Назад возвратились тоже на метро. Матери не было дома – уехала за покупками или еще за чем-то, и они смогли заняться любовью в комнате Эйлин, что несколько скрасило им время. Но мысль о предстоящем обеде наполняла Бобби ужасом.
– Ладно, поедем в город, – согласилась Эйлин.
Они побывали в огромном Чайна-тауне* – скопище восточных лавок, голографических шоу и китайских ресторанчиков, вкусно поели. Прошлись по Голливудскому бульвару, глазея на кинозвезд, гуляющих по тротуарам.
* Чайна-таун – "китайский город" – принятое в США название кварталов, заселенных китайцами.
– Поездка сюда не считается, – заявила Эйлин, – если не посмотреть Малхолэнд Драйв.
Они покатили дальше, в горы, через Голливудские холмы – цепь невысоких гор, застроенных странными домами, иногда висящими над обрывами ущелий. Малхолэнд Драйв оказался дорогой, идущей высоко вверху, по хребту Санта-Моника. Она протянулась отсюда до океана и тоже шла над обрывами. Одно из последних мест в окрестностях Лос-Анджелеса, где ловкачам не дали понастроить всякой халтуры, объяснила Эйлин. Она была убеждена, впрочем, что папаша сюда вот-вот прорвется. Эйлин остановила машину на утрамбованной несколькими поколениями автомобилистов площадке. Они вышли.
Темные плечи гор опускались в обширную долину, от края до края усыпанную миллионами сверкающих огоньков, словно гигантская светящаяся медуза. Нескончаемыми потоками неслись навстречу друг другу красные и белые огни автострады. Над всей долиной сияло золотое зарево, вытесняя черноту ночного неба. И там, в вышине, медленно плыли огни самолетов и вертолетов.
Бобби казалось, что перед ним огромный, сотворенный человеческими руками организм – безмерный, полный энергии, пульсирующий и неизъяснимо живой.
– Ч-черт! – выдохнул Бобби, чувствуя победоносную и безумную силу этого зрелища.
В этот момент он понял, что такое – быть американцем; ощутил себя частью этой страны, ее судьбы, ее будущего – к добру или худу. Страны, сохранившей пусть искаженный и изломанный, но великий созидательный дух.

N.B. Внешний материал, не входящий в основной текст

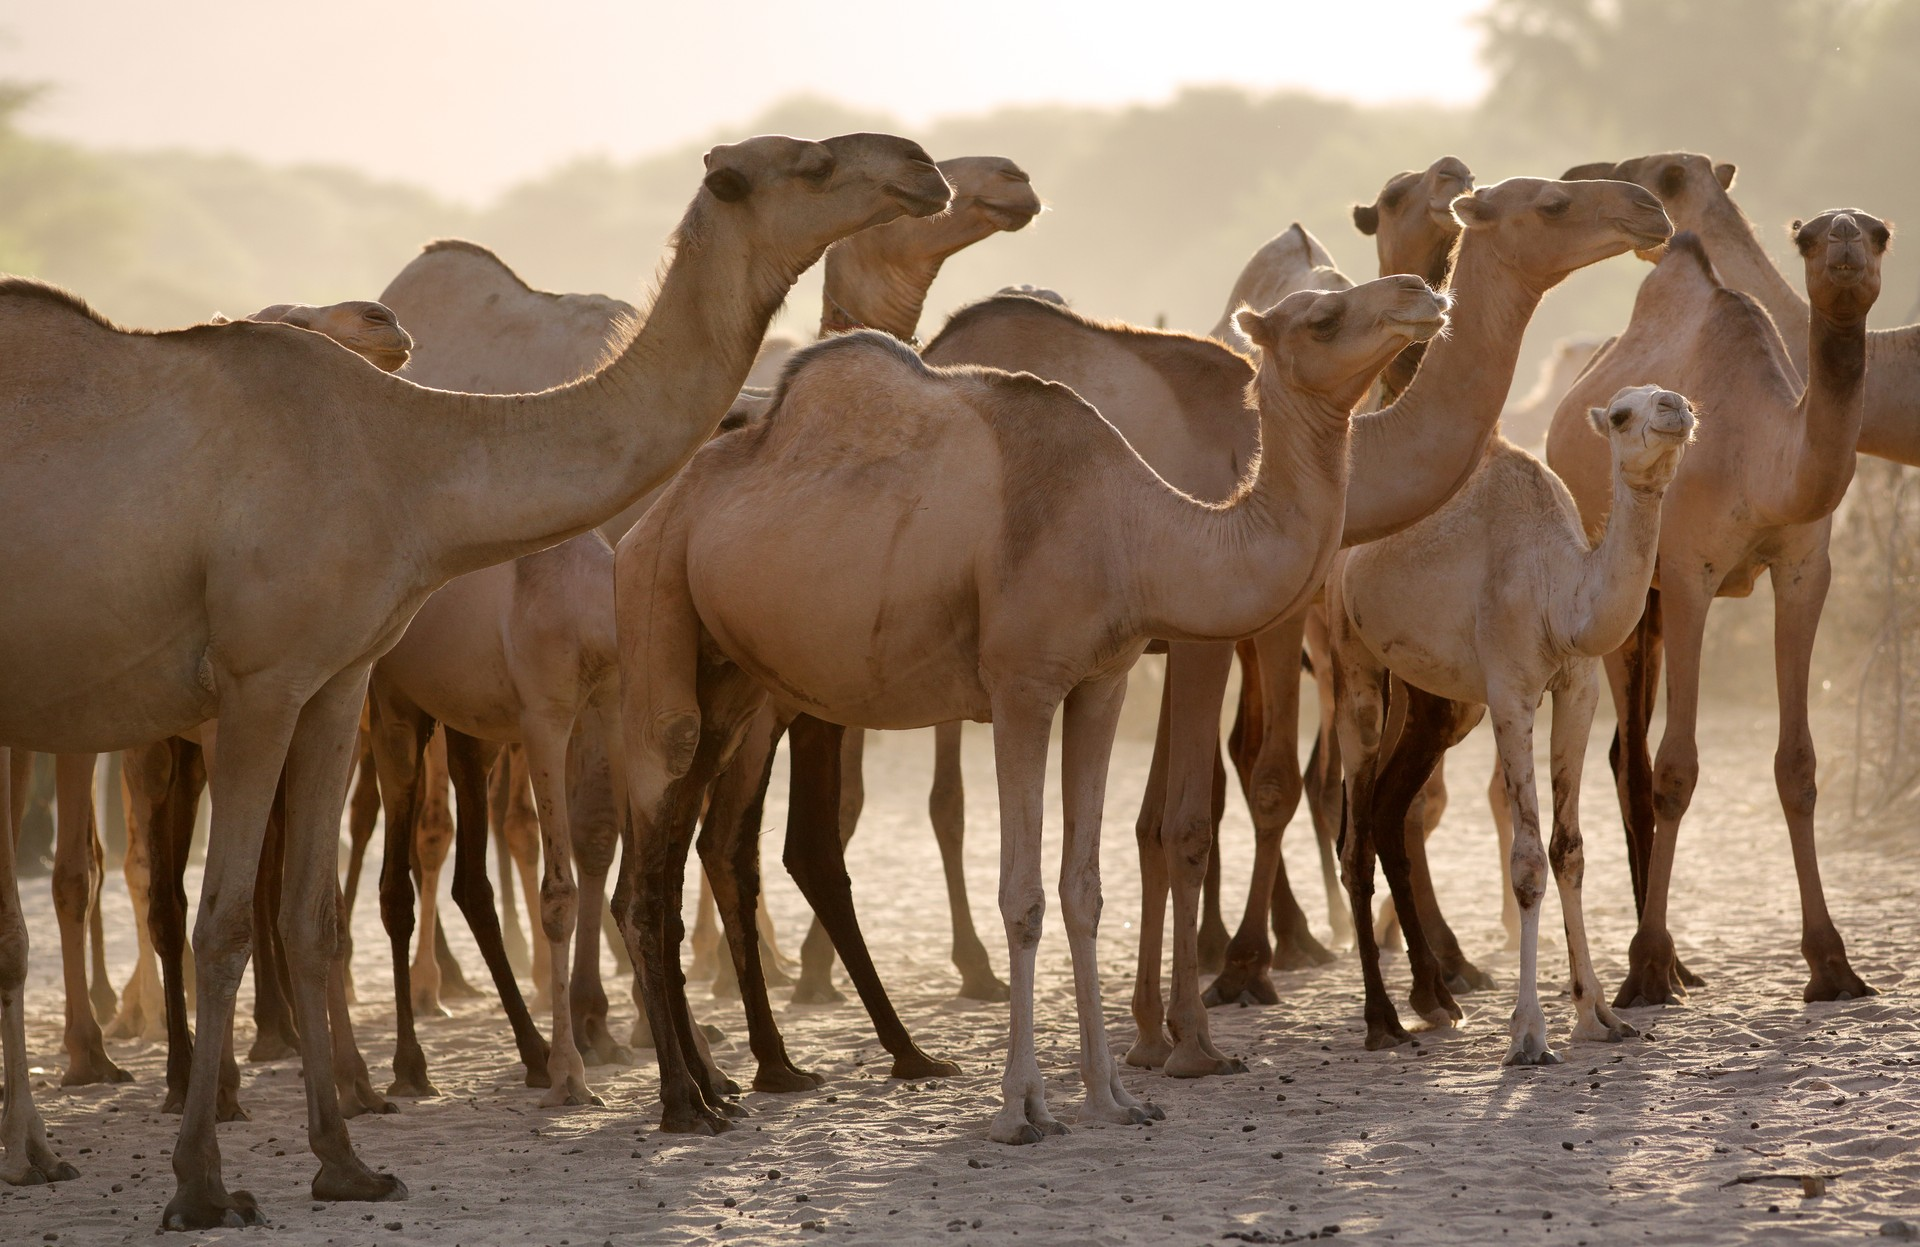 Camels in Maralal, Samburu, Kenya
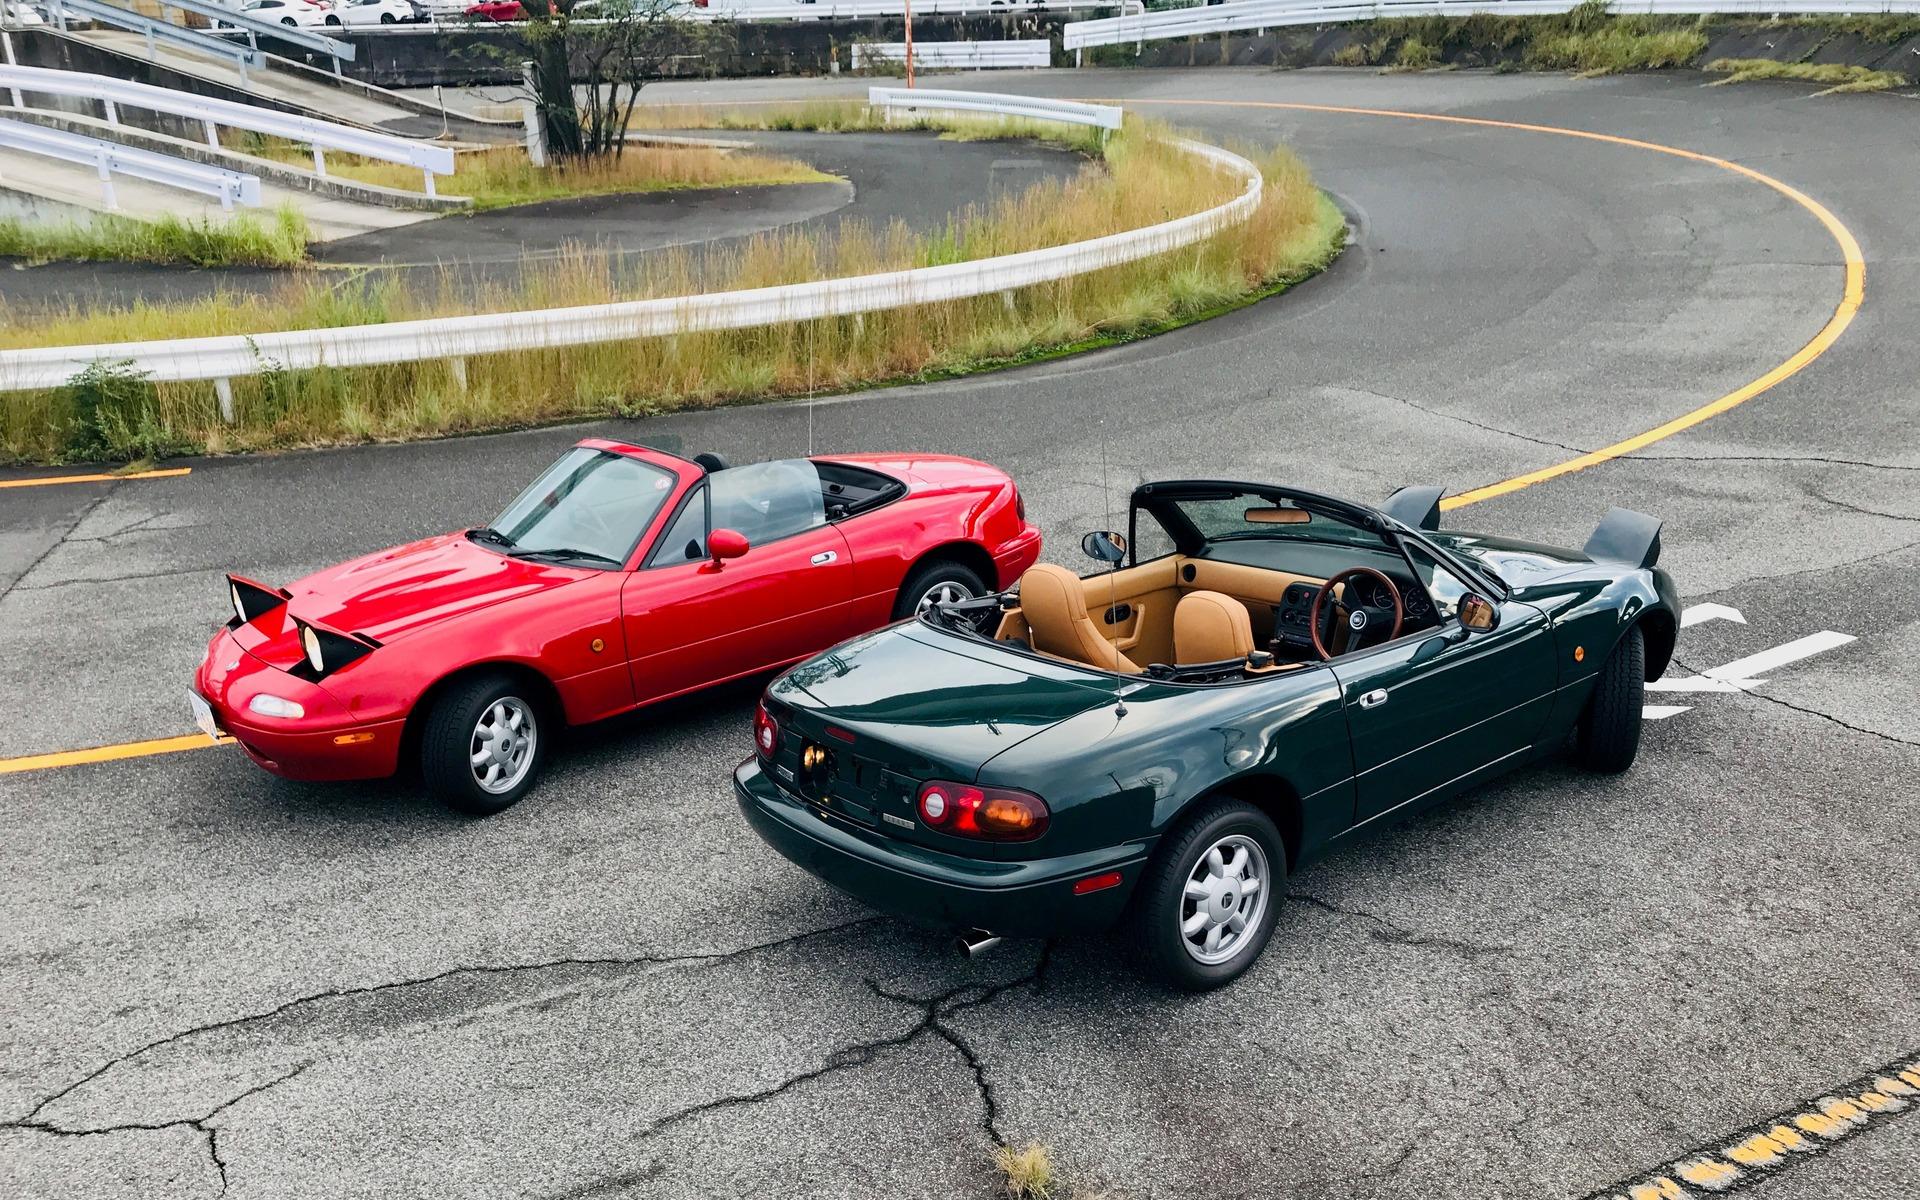 Mazda MX-5 Miata 1989 : un voyage dans le temps 397289_Mazda_MX-5_Miata_1989_-_Un_voyage_dans_le_temps

– Ну, поехали. – Эйлин дернула его за рукав и потянула в машину.
– Чего? – Бобби еще не пришел в себя.
– Поехали! Нам пора испробовать все, что здесь полагается!
– Чего там еще пробовать?
– Трахнуться в машине. Народ ездит сюда для этого уже сотню лет, понял?
Бобби несколько опешил – двухместная машина Эйлин была явно тесновата, но ему, уже в который раз, пришлось подчиниться.